* [PROVIDED DATA]

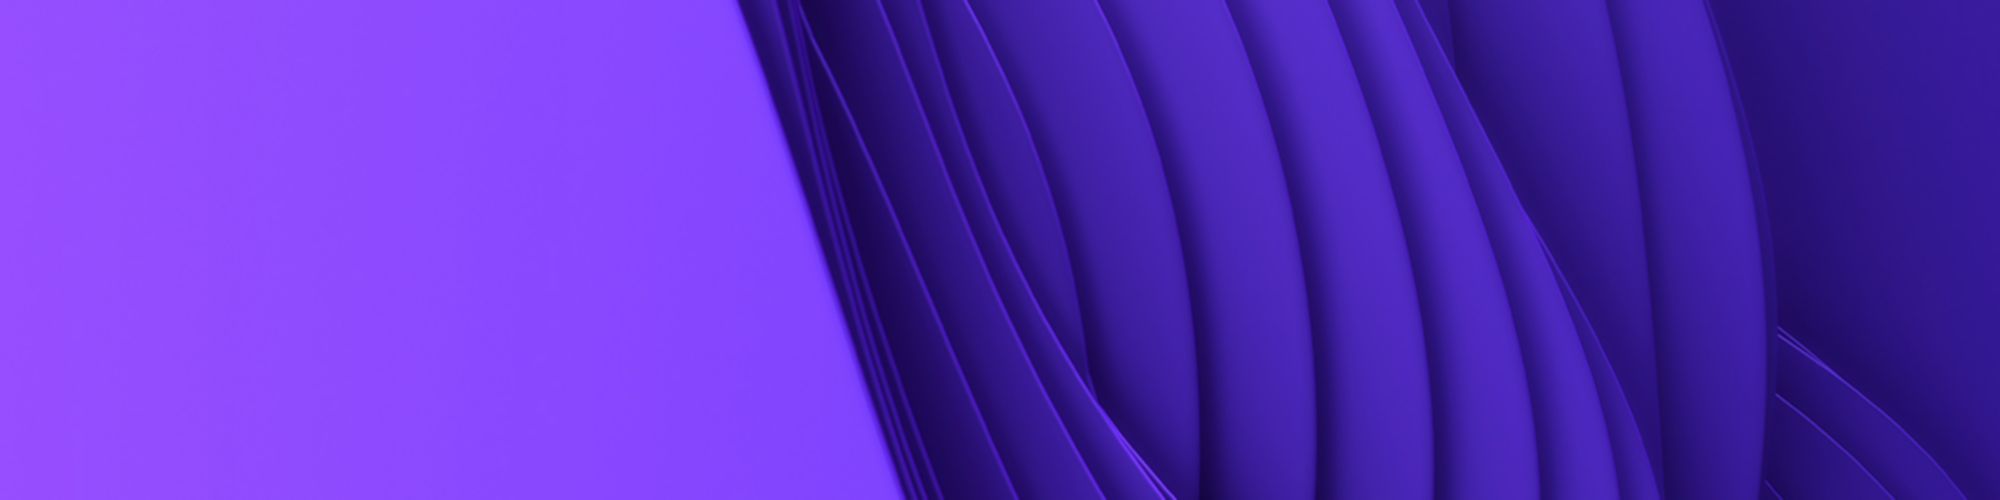 purple-layers-banner
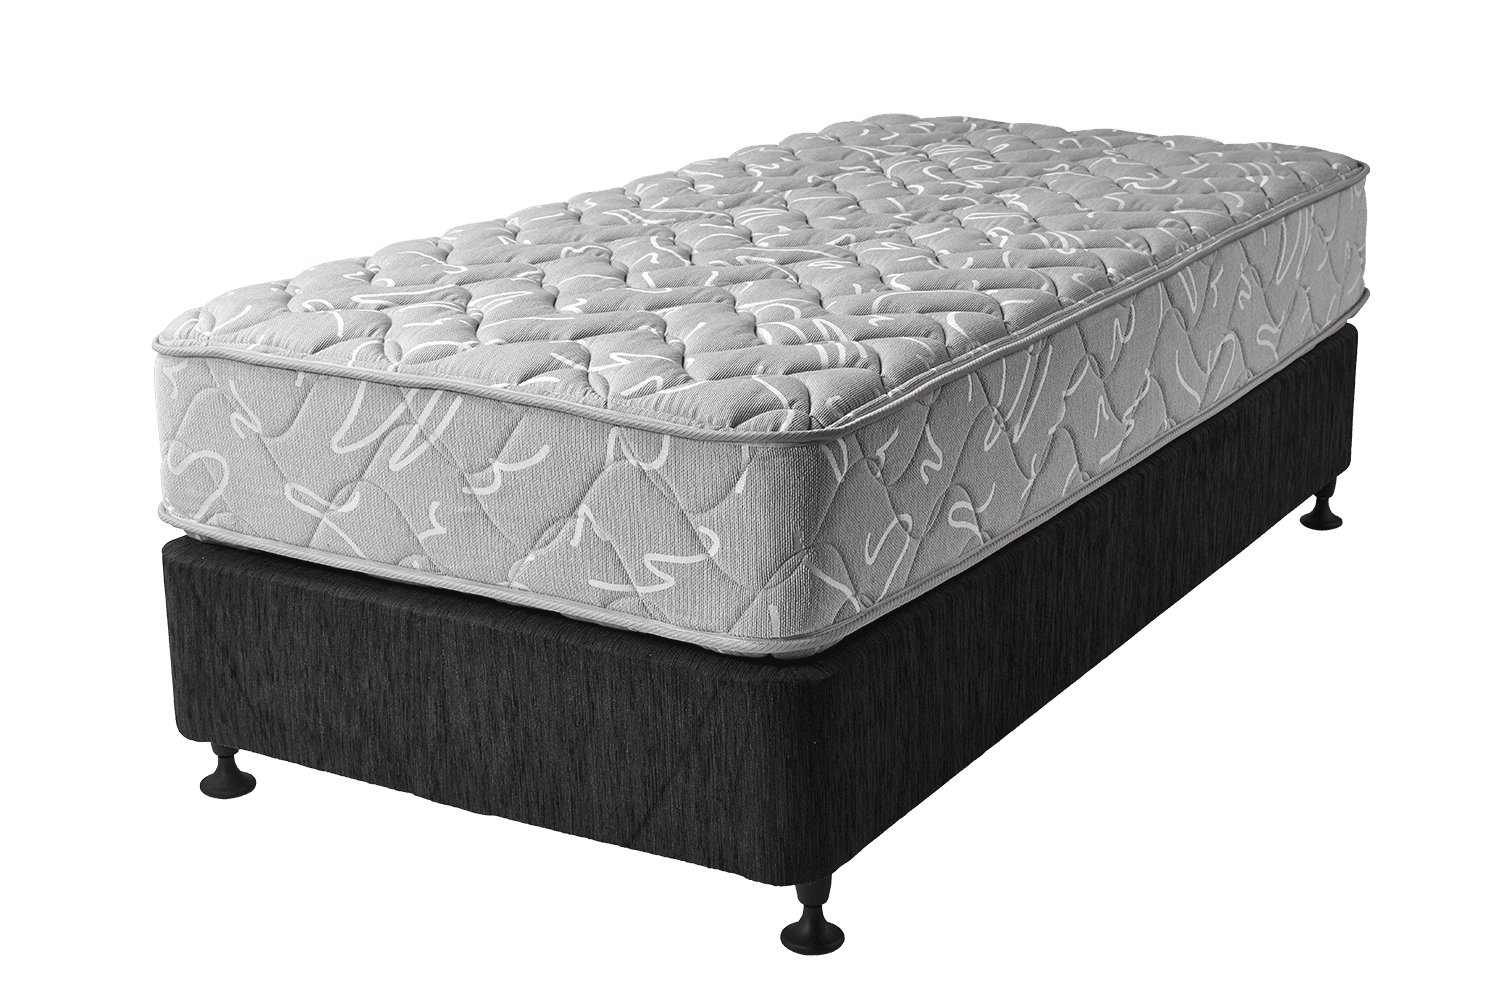 mattresses for sale on internet
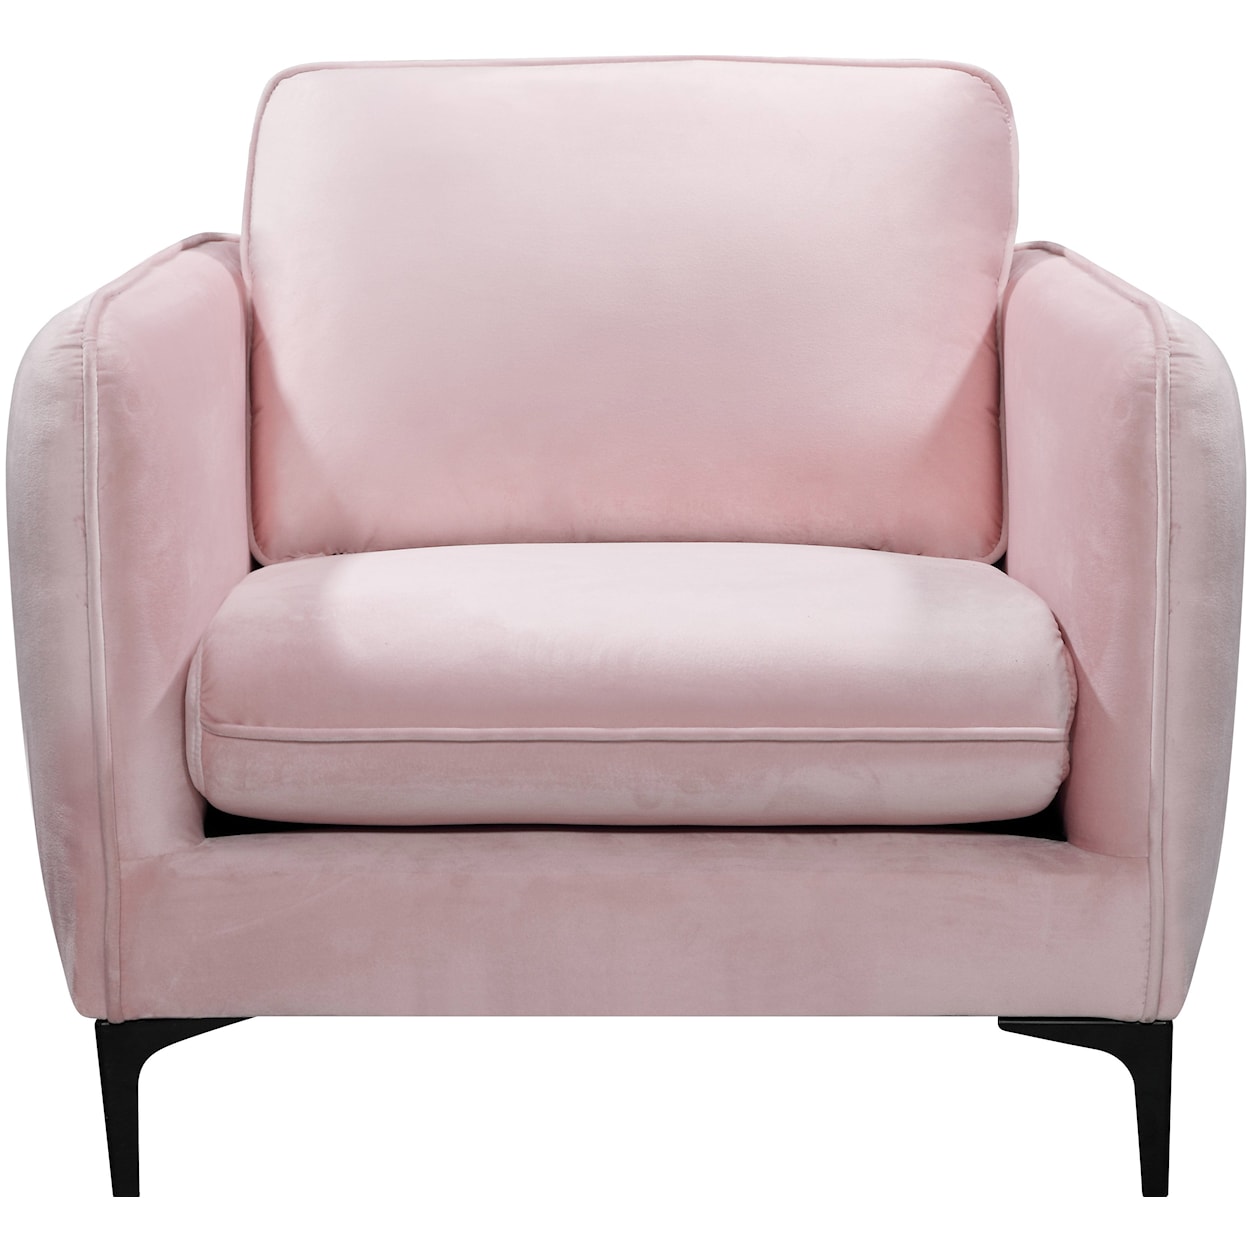 Meridian Furniture Poppy Chair

* [WHAT IS BEING ASKED]
Without any pictures, write out the lines running from the one containing "mattresses for sale on internet" through the end of the listing above, both included, exactly as given.

* [EXERCISE SOLUTION]
 mattresses for sale on internet
 Meridian Furniture Poppy Chair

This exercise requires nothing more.